Michael and Theresa Annechino had a long-standing banking relationship with the Bank of Clark County. Before the events at issue, the Annechino had an approximately $1,150,000 balance at the Bank. Additionally, Mr. Annechino was an investor with the Bank. Shortly after the Federal Deposit Insurance Corporation (“FDIC”) increased its coverage for deposit accounts, the Annechinos’ contacted the Bank about depositing an additional $1,850,000, so long as it would be protected by the FDIC’s coverage. Before making the transfer, the Annechinos discussed the transfer with defendants Kelli Reynolds and Michael Worthy, both officers with the Bank. Both individuals advised the Annechinos that the Bank could restructure their accounts to provide a total of $3,000,000 in FDIC coverage. As a result, the Annechinos transferred an additional $1,850,000 to the Bank, giving them a $3,000,000 balance, spread across seven accounts. At the time of transfer, Mr. Annechino requested that one of their accounts be placed in the name of the family trust. This was never done.

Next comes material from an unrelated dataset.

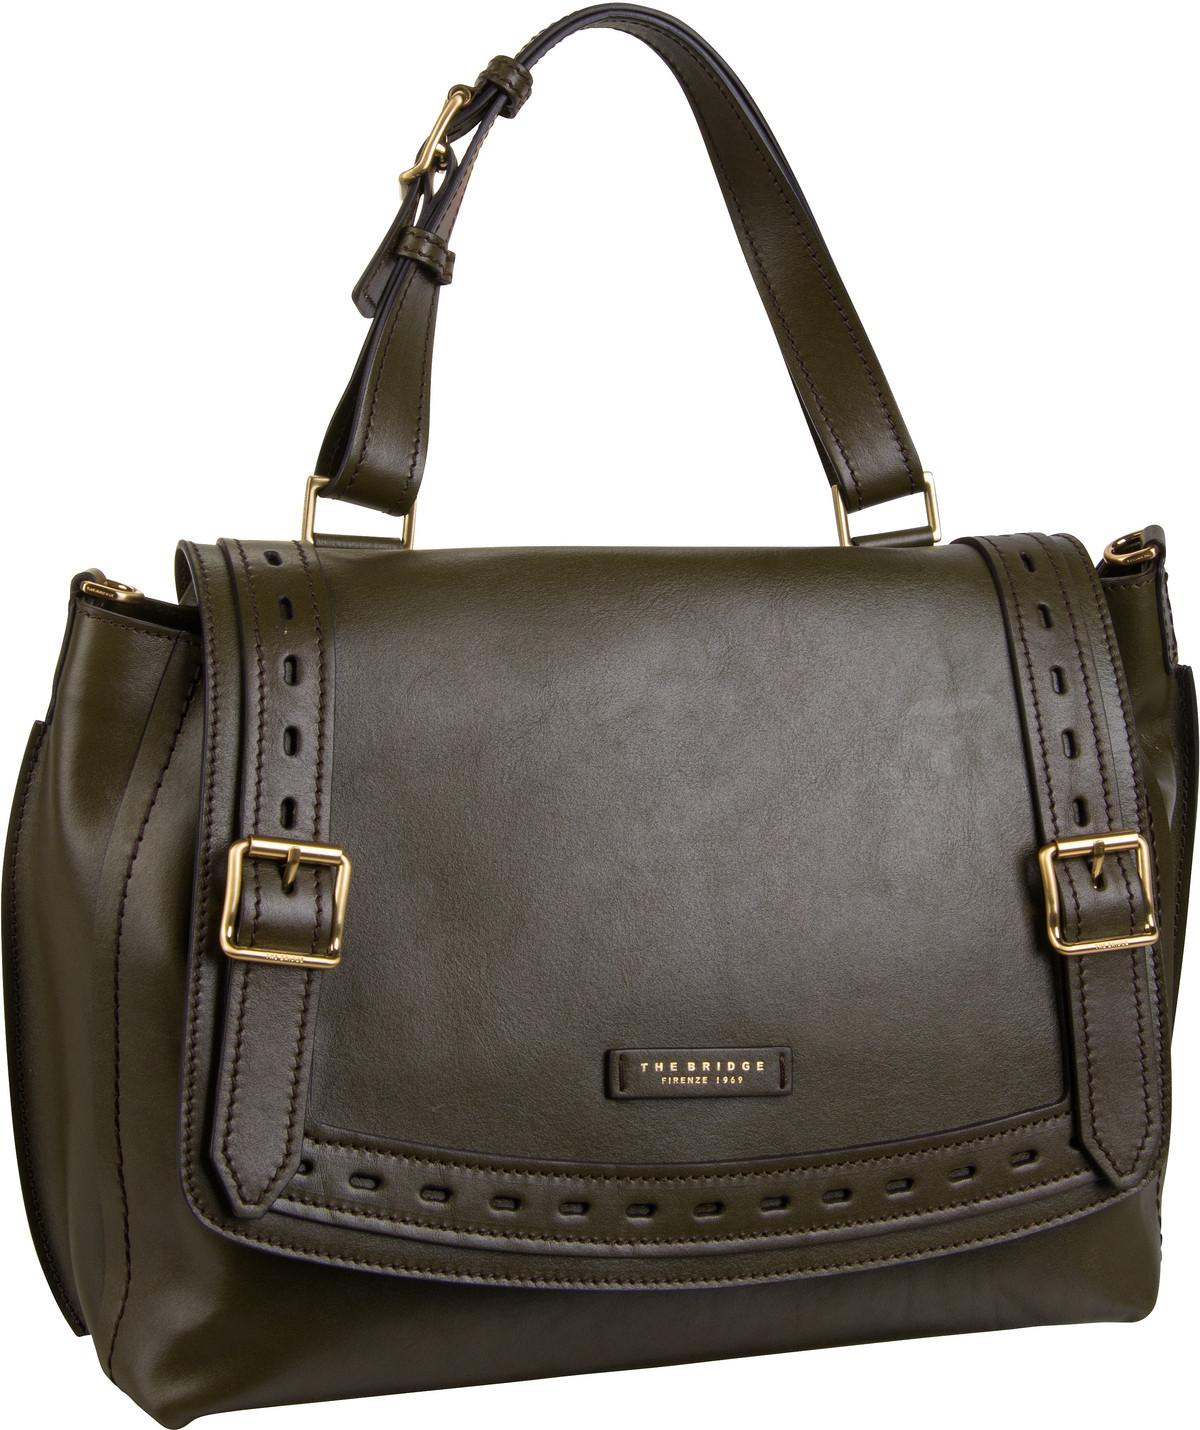 Handtasche Calimala Handtasche 4529 Green Bosco

Subsequently, the Bank went into involuntary receivership and the FDIC was appointed receiver. The FDIC asserted that nearly $500,000 of the account funds was uninsured. According to the defendants, the cause of the insufficient coverage was that in an attempt to fulfill Mr. Annechino’s request that one of his accounts be in the name of the family trust, someone at the Bank mistakenly transferred the wrong account. And neither the Bank nor the Annechinos discovered the discrepancy. There was no evidence produced of malfeasance or self-dealing.
The Annechinos then brought suit against Worthy, Reynolds, another Bank employee, the Bank and related entities. The Annechinos then moved for partial summary judgment against Reynolds and Worthy. Reynolds, Worthy, and the other bank employee filed a cross motion for partial summary judgment, and asserted that they could not be held personally liable for the Annechinos’ loss. The trial court denied the Annechinos’ motion and granted the employees’ motion, finding the Bank’s employees not personally liable. The issue of the Bank’s liability was not before the trial court. Division Two of the Court of Appeals affirmed, also finding that the Annechinos failed to establish that the bank employees were personally liable
The Washington Supreme Court, affirmed:
- Generally, participants in a business transaction deal at arm’s length; however, Washington law will impose a duty on such parties in certain, limited circumstances.
- Agents and employees, such as Worthy and Reynolds, are not personally liable for quasi-fiduciary duties that may arise when dealing on behalf of a disclosed principal, so long as the agent does not owe an independent duty to the third party.
In affirming the Court of Appeals, the Court repeatedly noted that whether the Bank owed the Annechinos a duty was not before the court.